_Data below_.

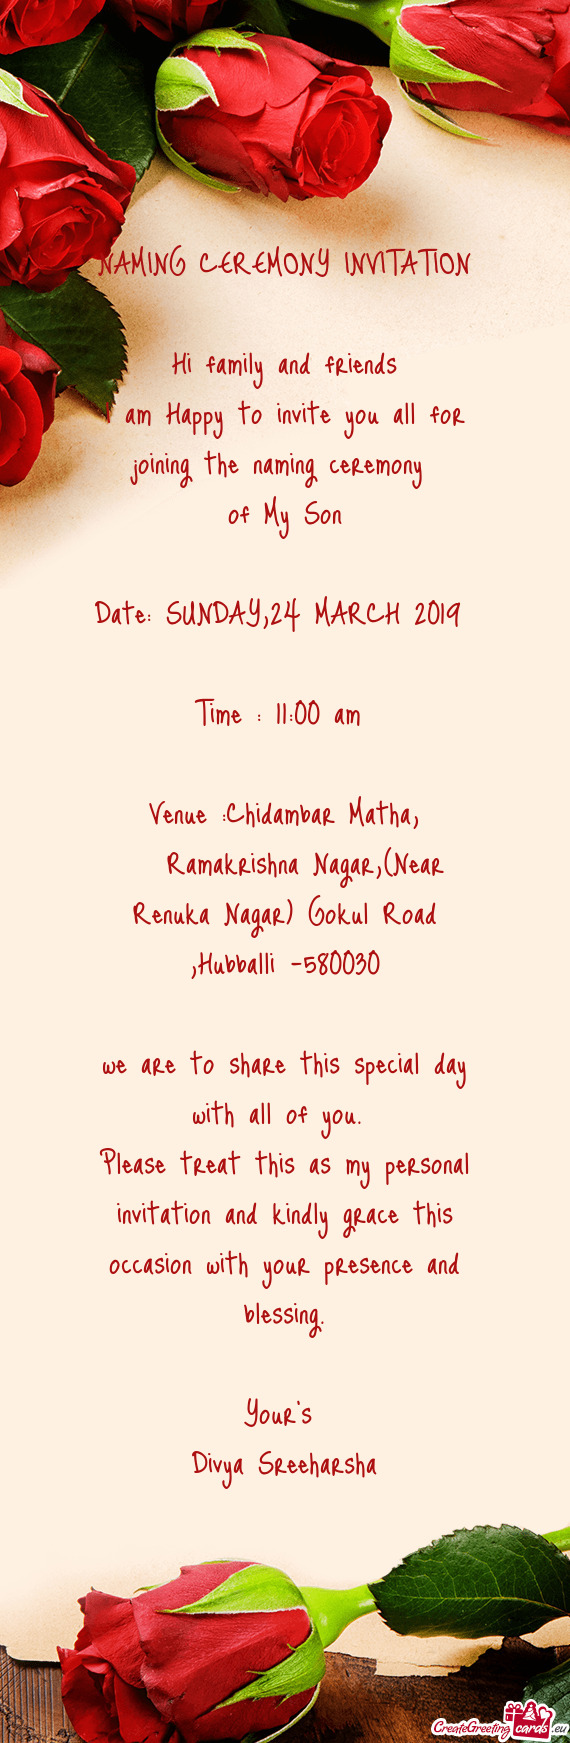 Hubballi -580030
 
 we are to share this special day with all of you
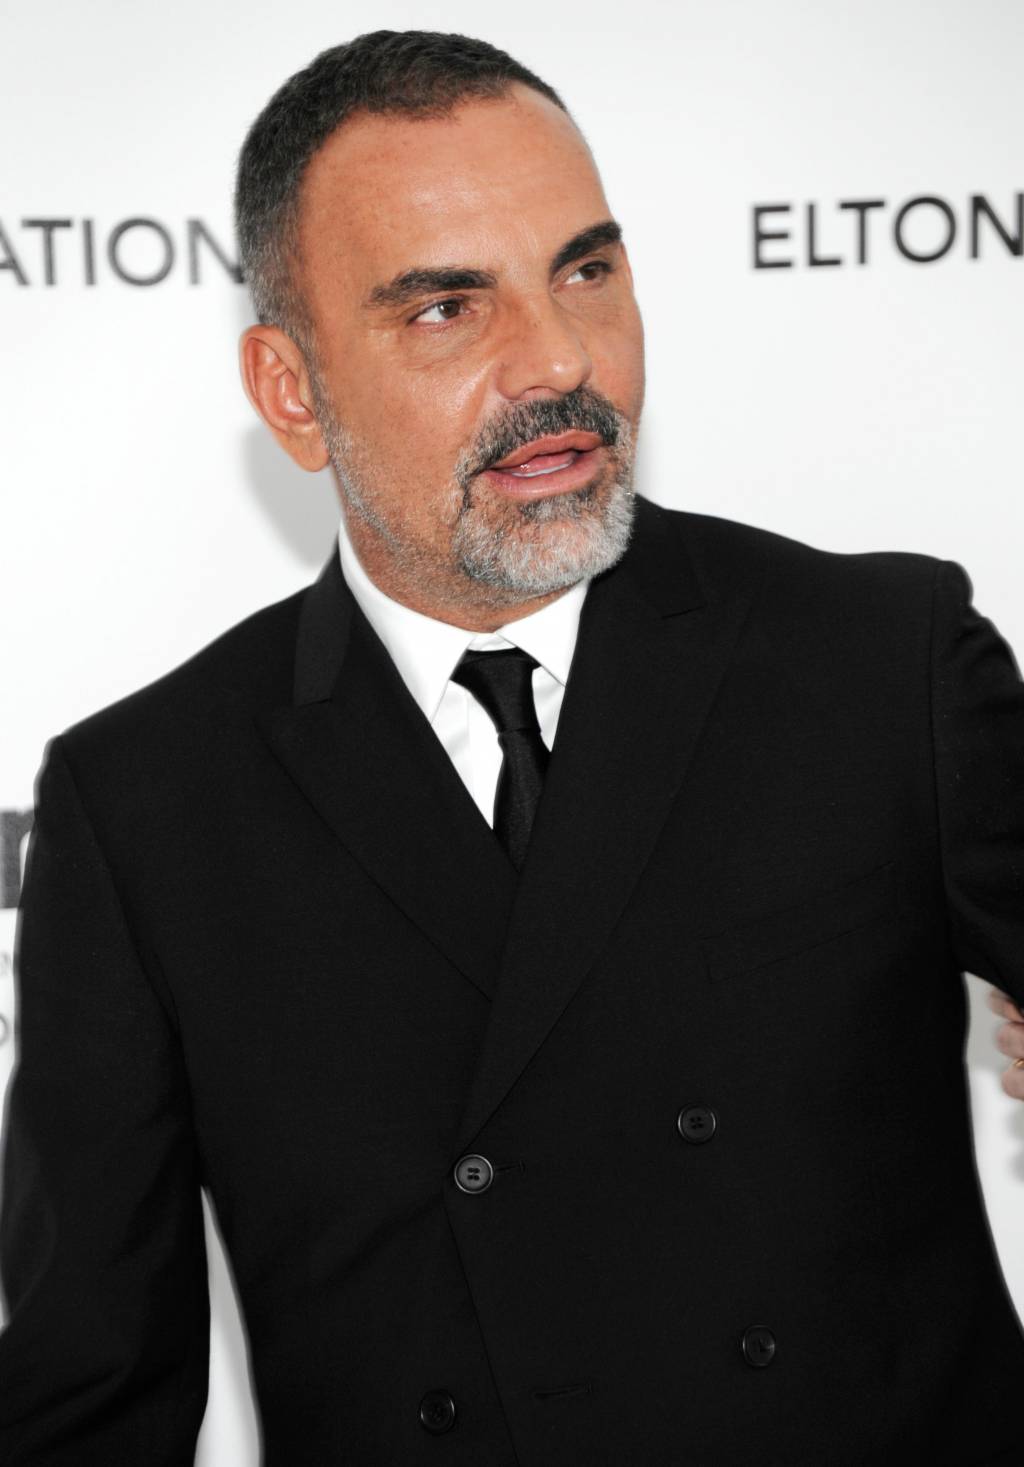 July 10, 2015: Ed Hardy designer and father of the tattoo shirt, Christian Audigier, passed away from bone cancer. He was 57. The French designer got his start making denim in his home country, eventually earning the name "King of Denim." In America, he made Von Dutch trucker hats a phenomenon among celebrities and regular Joes alike, before launching Ed Hardy.

_What is expected_. In this exercise, set down all of the data exactly, without the pictures.

_Your solution_.
 Hubballi -580030
 
 we are to share this special day with all of you
 July 10, 2015: Ed Hardy designer and father of the tattoo shirt, Christian Audigier, passed away from bone cancer. He was 57. The French designer got his start making denim in his home country, eventually earning the name "King of Denim." In America, he made Von Dutch trucker hats a phenomenon among celebrities and regular Joes alike, before launching Ed Hardy.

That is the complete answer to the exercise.